Od mniej więcej miesiąca cieszyć możemy się drugim albumem krakowskiego zespołu Yenisei. Ten post-rockowy kwintet zadebiutował dosyć dobrze odebraną płytą „The Last Cruise” i tak jak można się było spodziewać, nie był to ostatni rejs tego zespołu.
Płyta „Reflections” to jednak zdecydowanie ciekawsze 50 minut przygody, od tego, z czym spotkaliśmy się na debiutanckim krążku, który pomimo ciekawego klimatu wydawał się jednak minimalnie zbyt płaski. Tym razem otrzymujemy zdecydowanie większą różnorodność, więcej gitarowych riffów połączonych z pojawiającymi się za chwilę melodycznymi klawiszami, aby gdzieś w końcówce wszystko to miało zahaczyć o pianino. Zmiana tempa, zmiana nastroju – tak to tutaj jest.
Oczywiście muzyka Yenisei to klimaty typowego post-rocka, najszybciej odnajdą się w niej chociażby fani Tides of Tebula (nie dziwne zresztą, bo album nagrany został właśnie w ich studiu), zupełnie żadnych problemów z doszukaniem się muzycznego piękna nie będą mieć fani Lunatic Soul czy MONO, chociaż akurat fanami tego ostaniego zespołu nie jesteśmy.
Jeżeli ktoś nie wpadnie w klimat pierwszego, genialnego zresztą, utworu „Gravity” płytę może sobie darować. Dla całej reszty to będzie piękne i dosyć zaskakujące 50 minut, które przyniesie kilka ciekawych zwrotów akcji, ale wciąż w tych samych, trzymanych konsekwentnie ramach. To płyta, którą docenimy w pełni po 10-15 przesłuchaniu i która także w kolejnych podejściach będzie w stanie zapewnić nam coś, czego do tej pory nie zauważyliśmy.
To oczywiście materiał, który wybrzmiewa przez swoją tematykę najlepiej na dobrych słuchawkach i w dobrej jakości.
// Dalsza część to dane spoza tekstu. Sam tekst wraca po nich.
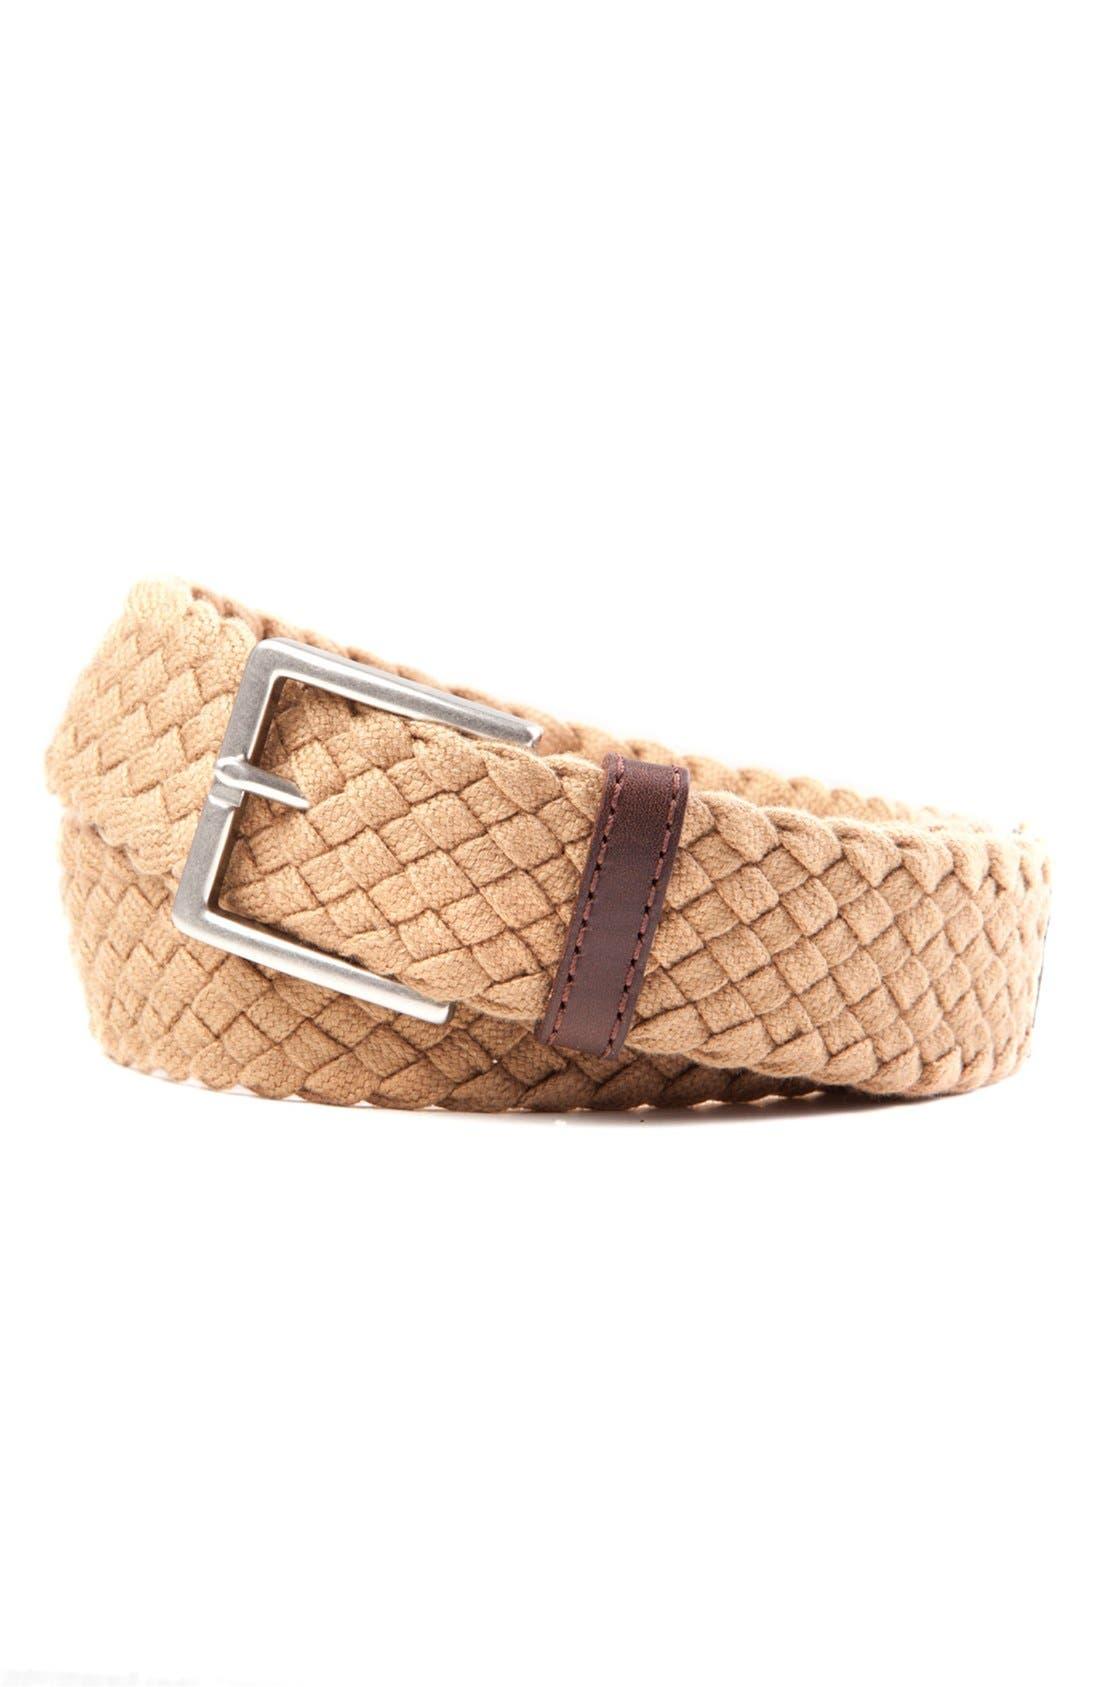 TOMMY BAHAMA Braided Cotton Belt, Main, color, KHAKI

Najlepiej siedząć gdzieś daleko od odgłosów cywilizacji.
Nie sposób nie zgodzić się też z opisem płyty przez samych artystów:
….album zabiera słuchacza w podróż do własnego wnętrza, a całej płycie towarzyszy wszechobecna nostalgia i tęsknota za tym co utracone. Świat, w którym żyjemy nigdy nie będzie już taki sam, a my znacząco oddaliliśmy się od siebie przenosząc nasze życie do wirtualnej rzeczywistości. „Reflections” stara się przywoływać dawne wspomnienia słuchacza, kiedy życie wyglądało zdecydowanie inaczej…
Jakże na czasie….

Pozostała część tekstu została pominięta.